Try it → Please return each entry that follows exactly as written, and keep the pictures out.

Source material →
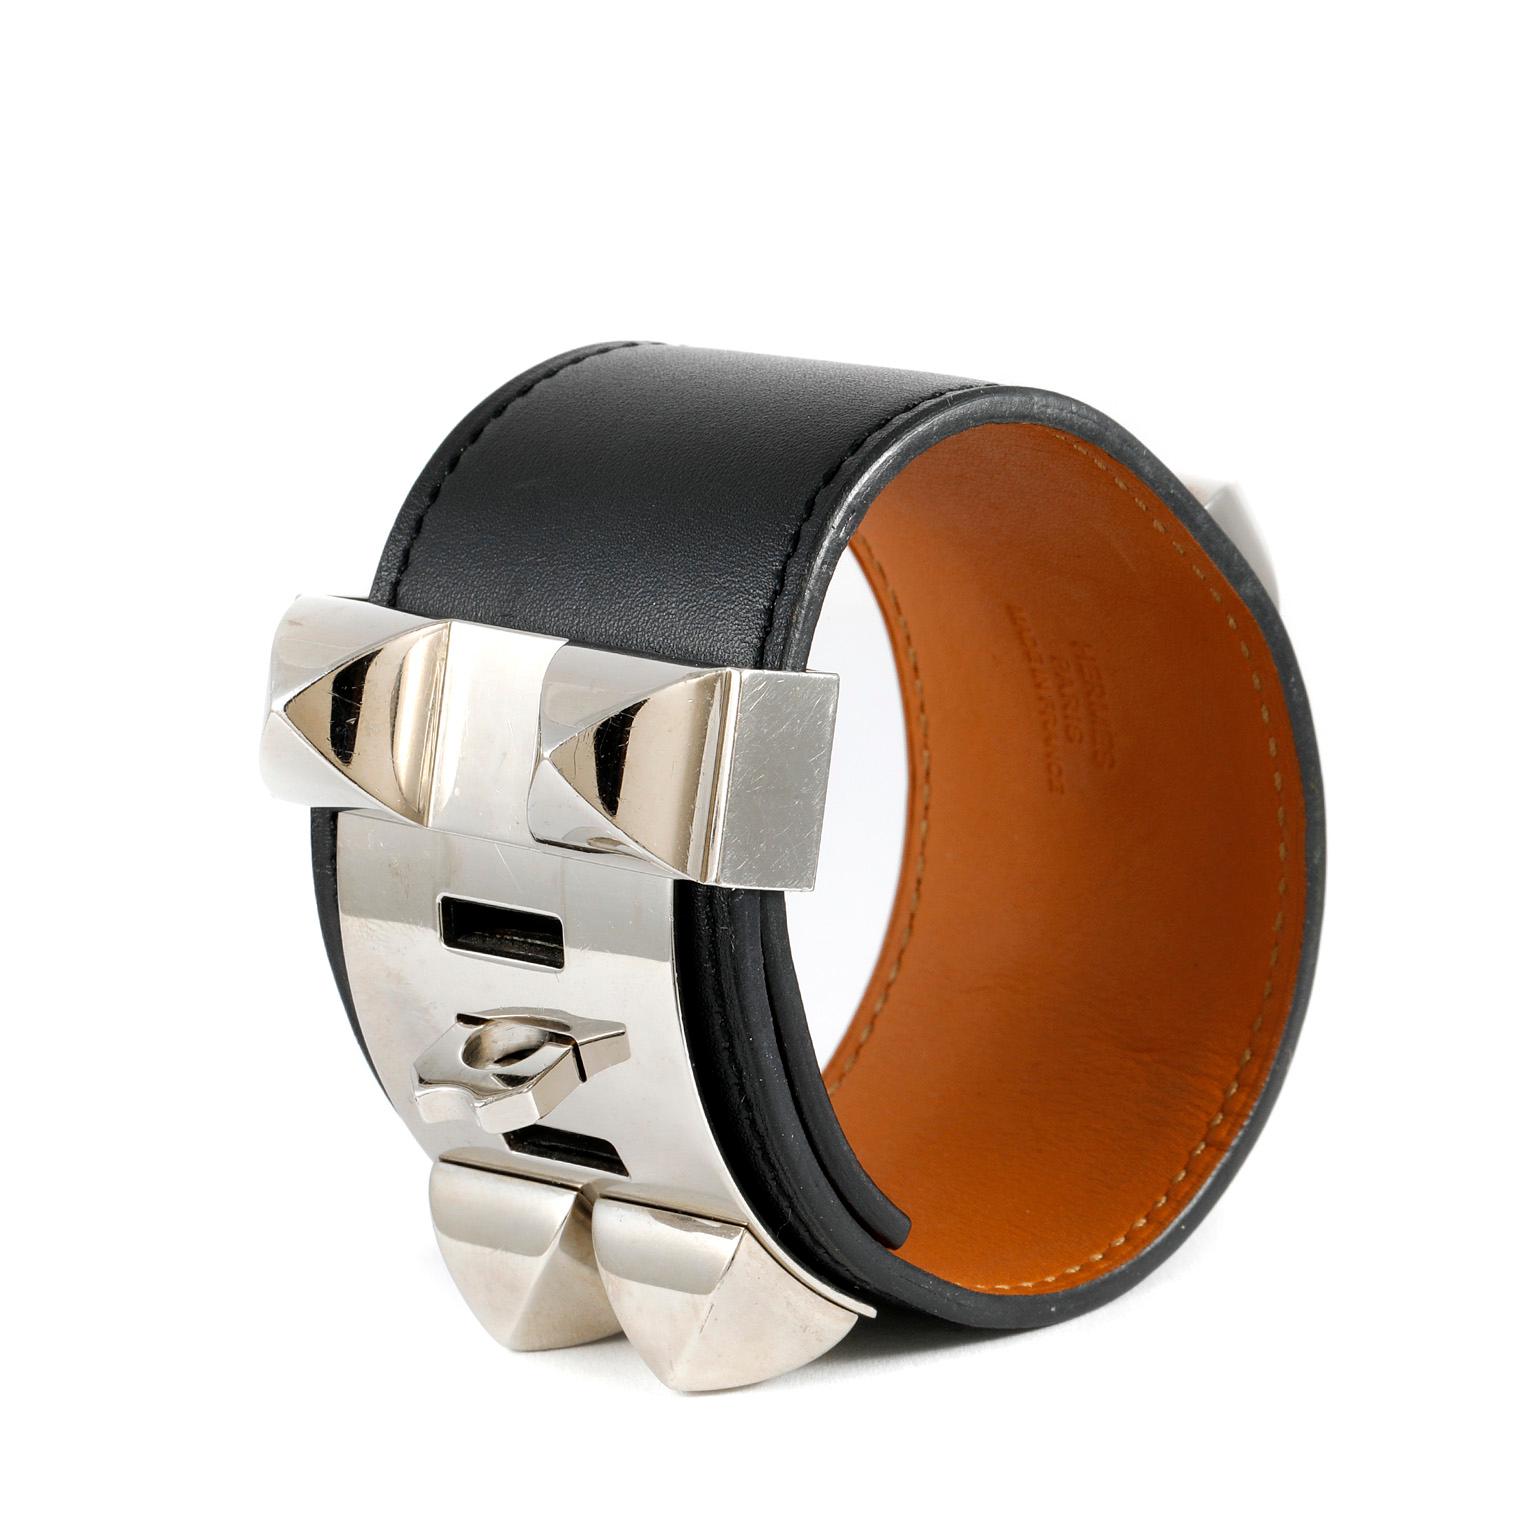 This authentic Hermès Black Leather Collier de Chien Bracelet Cuff is in pristine condition.  The iconic Hermès CDC adds a chic bit of edginess to any ensemble.  Black Swift leather with Palladium Medor pyramid style studs and ring.  Adjustable
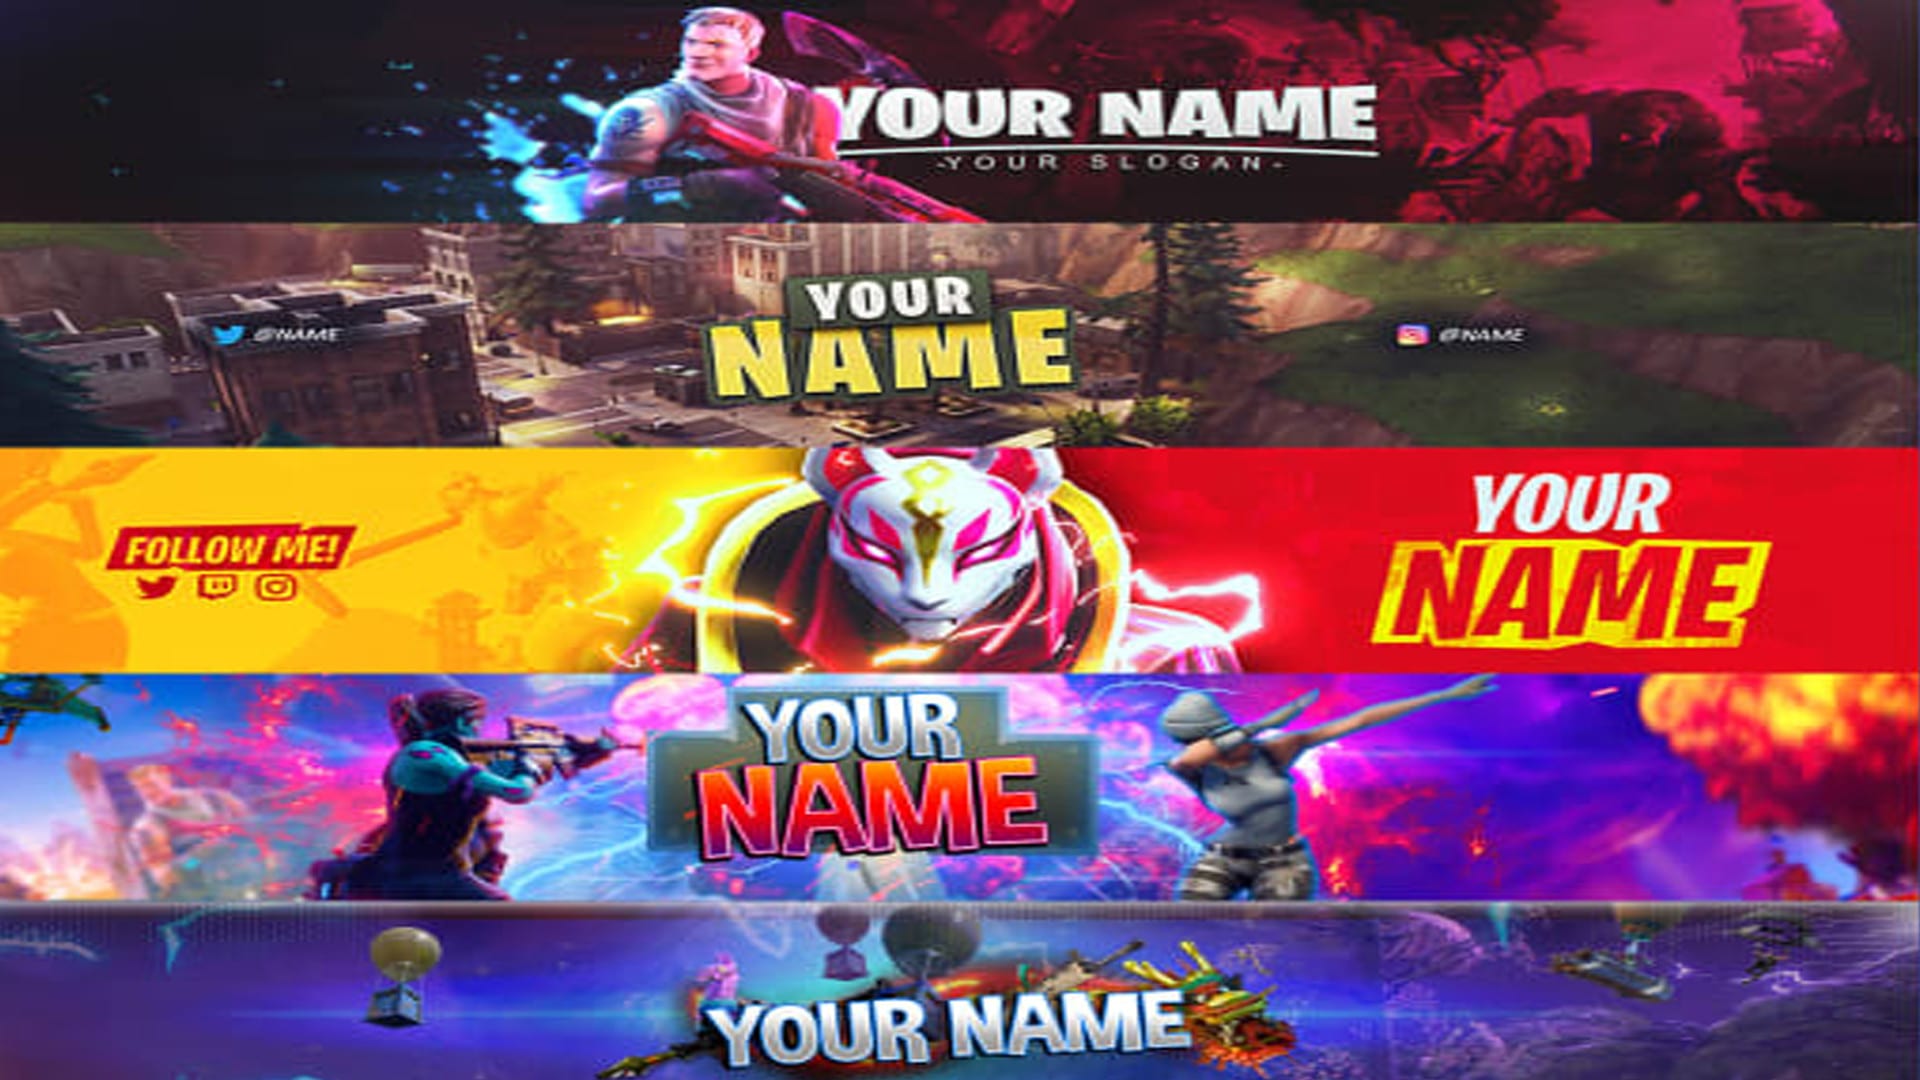 Make You An Epic Gamer Banner For Youtube And Twitch By Ptwry04
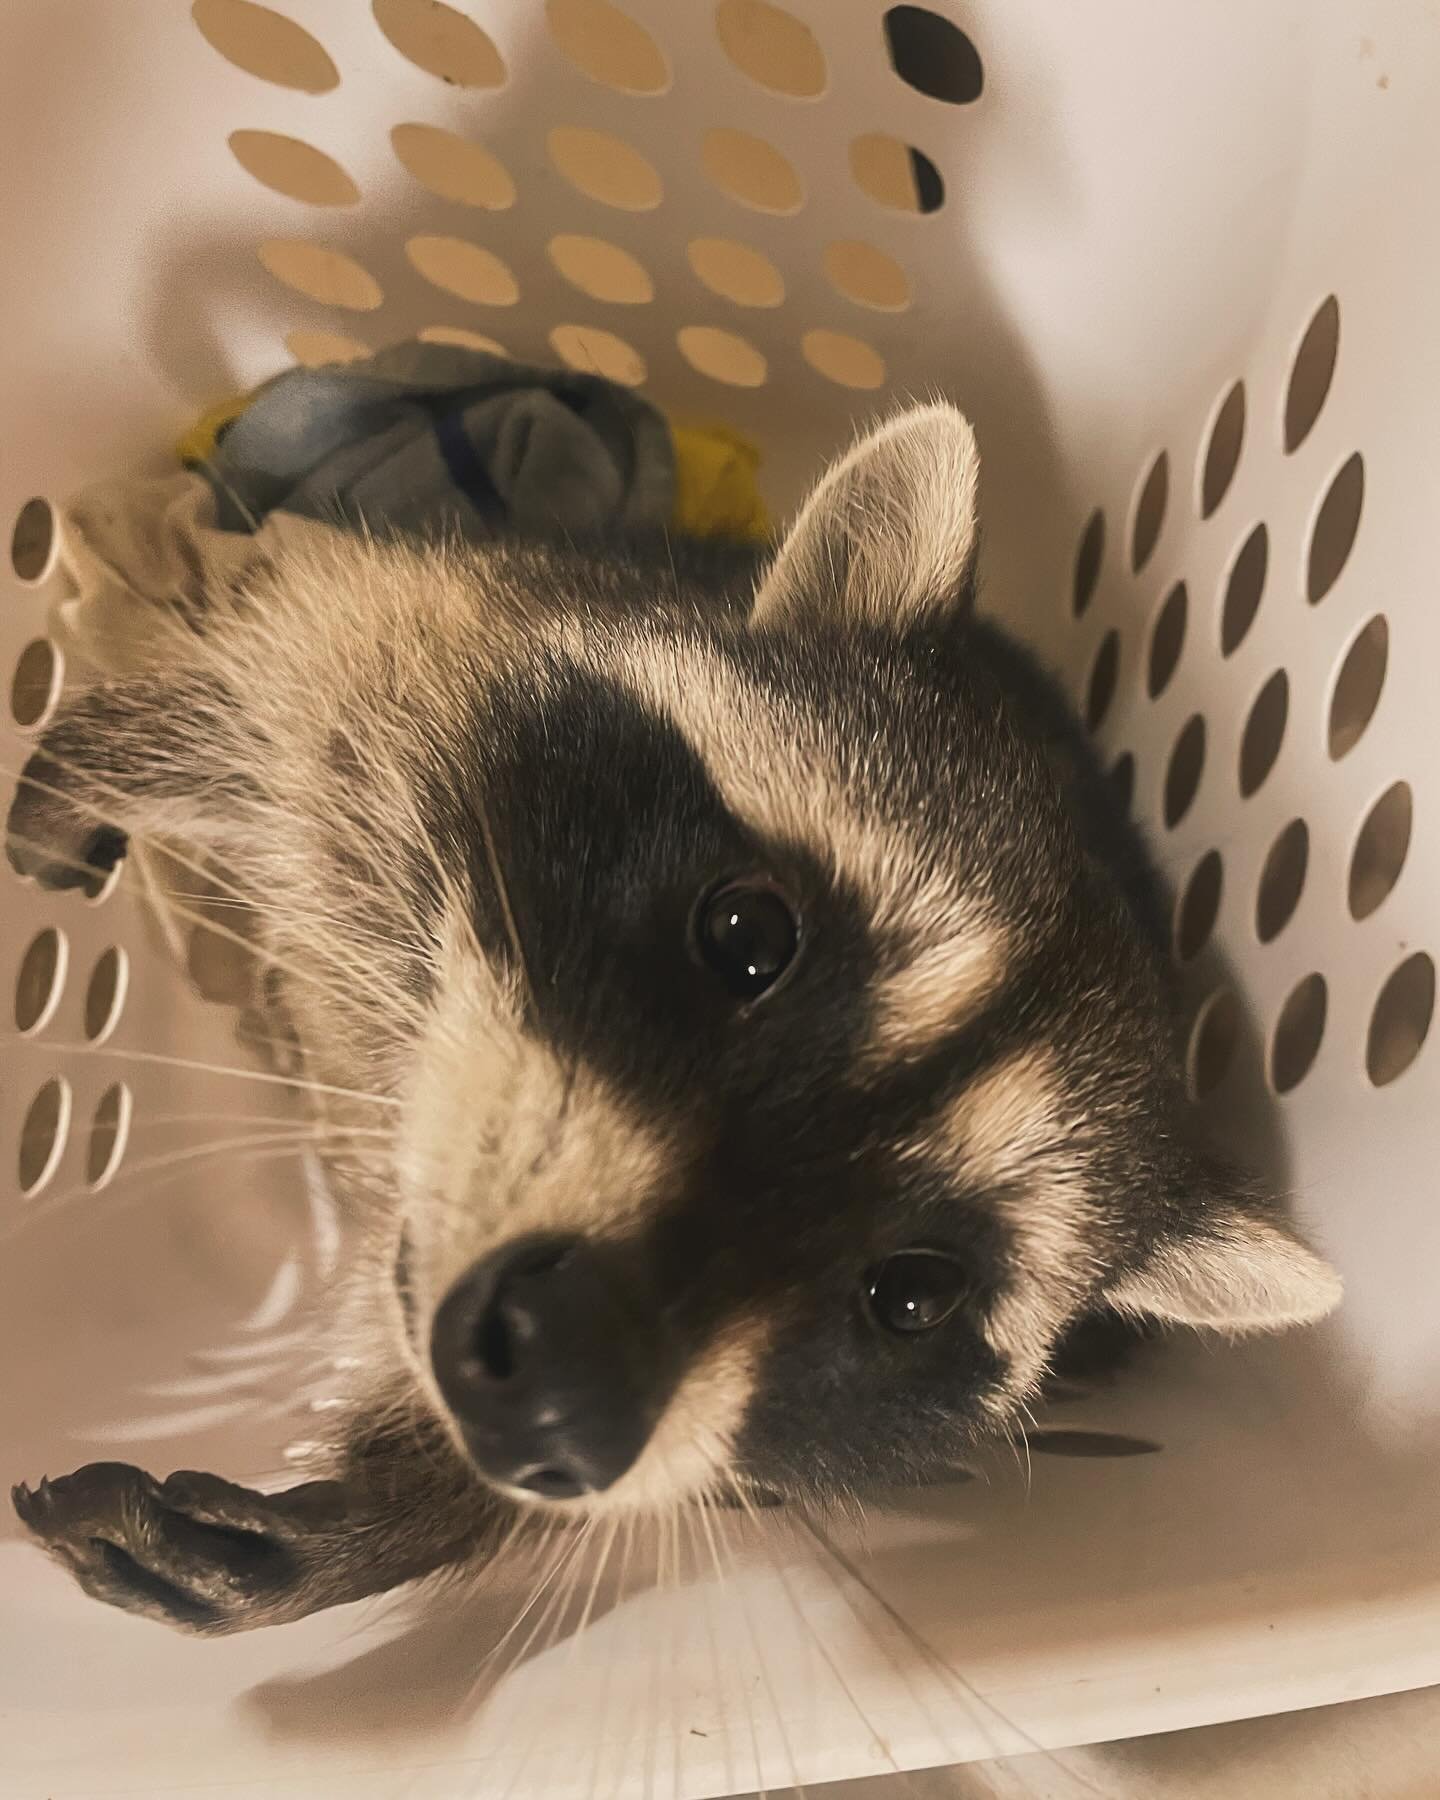 Happy Mother&rsquo;s Day Yeti!

In a hilarious turn of events our resident raccoon who was brought to us by a wild life rescue team and assured us was male, has in fact delivered babies inside our well house this past week. 

While Yeti is quite soci

Exercise response →
 This authentic Hermès Black Leather Collier de Chien Bracelet Cuff is in pristine condition.  The iconic Hermès CDC adds a chic bit of edginess to any ensemble.  Black Swift leather with Palladium Medor pyramid style studs and ring.  Adjustable
 Make You An Epic Gamer Banner For Youtube And Twitch By Ptwry04
 Happy Mother&rsquo;s Day Yeti!

In a hilarious turn of events our resident raccoon who was brought to us by a wild life rescue team and assured us was male, has in fact delivered babies inside our well house this past week. 

While Yeti is quite soci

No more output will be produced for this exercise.